Imagine you fell of a ladder and broke your leg while carrying out your job duties in New York City. The broken leg will heal, but in the meantime, you’re being hit with huge medical bills and the costs of not earning an income. Fortunately, you can qualify for workers’ compensation benefits to pay for your medical care and the majority of your lost wages. The question is: What does the IRS have to say about these payments?
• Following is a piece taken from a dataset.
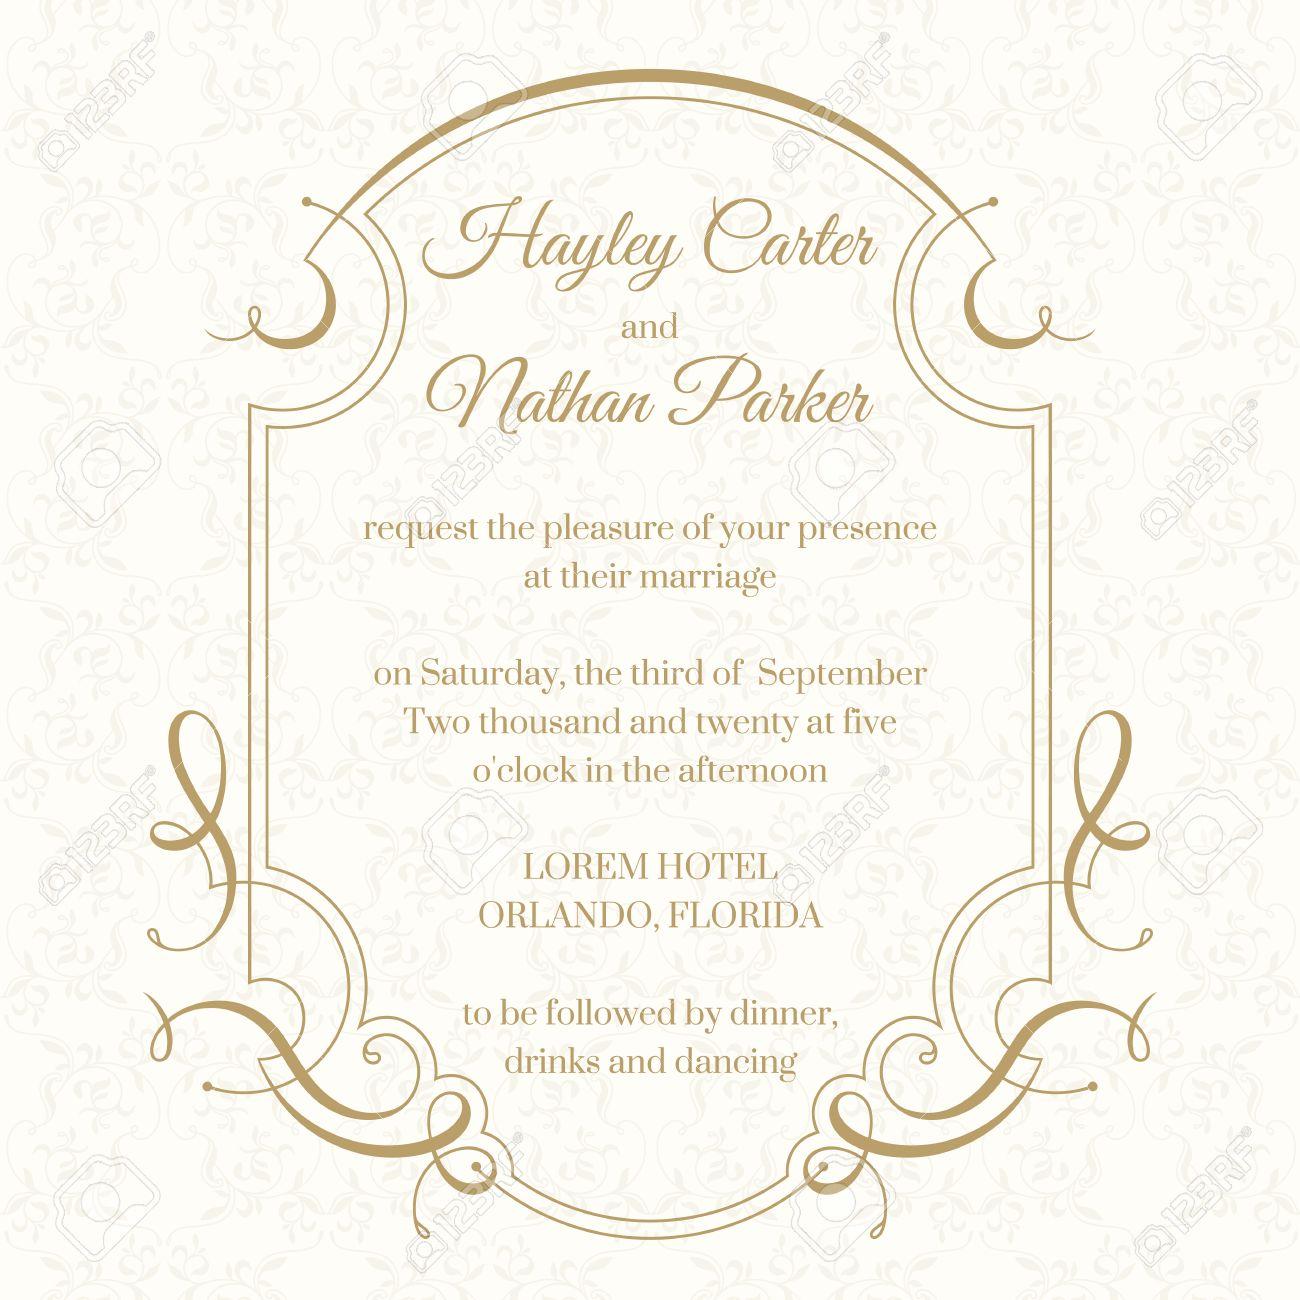 Groß Vorlage Hochzeitseinladungen Galerie - Entry Level Resume ...

Many workers are concerned that they will have to pay taxes on the workers’ compensation benefits they receive. However, the only situations when workers’ compensation benefits could be partially taxed is when the worker is also receiving Social Security Income or Social Security Disability Insurance. Otherwise, no tax liabilities will be incurred due to the receipt of work comp benefits.
The IRS classifies workers compensation benefits as “non-taxable income” in the same way it classifies the following money received as nontaxable:
- Public welfare fund payments
- Personal injury damages, but not punitive damages
- Disability benefits from no-fault auto insurance payments triggered by injuries
- Compensation for permanent disability and/or disfigurement
In addition to workers’ compensation payments to injured workers being exempt, workers’ compensation payments to family members of the worker are also exempt from federal tax liabilities.
Make sure that you and your loved ones fully understand the tax consequences associated with any and all injured worker benefits. This knowledge will assist you in preventing your physical, work-related injuries from turning into financial or legal problems in the future.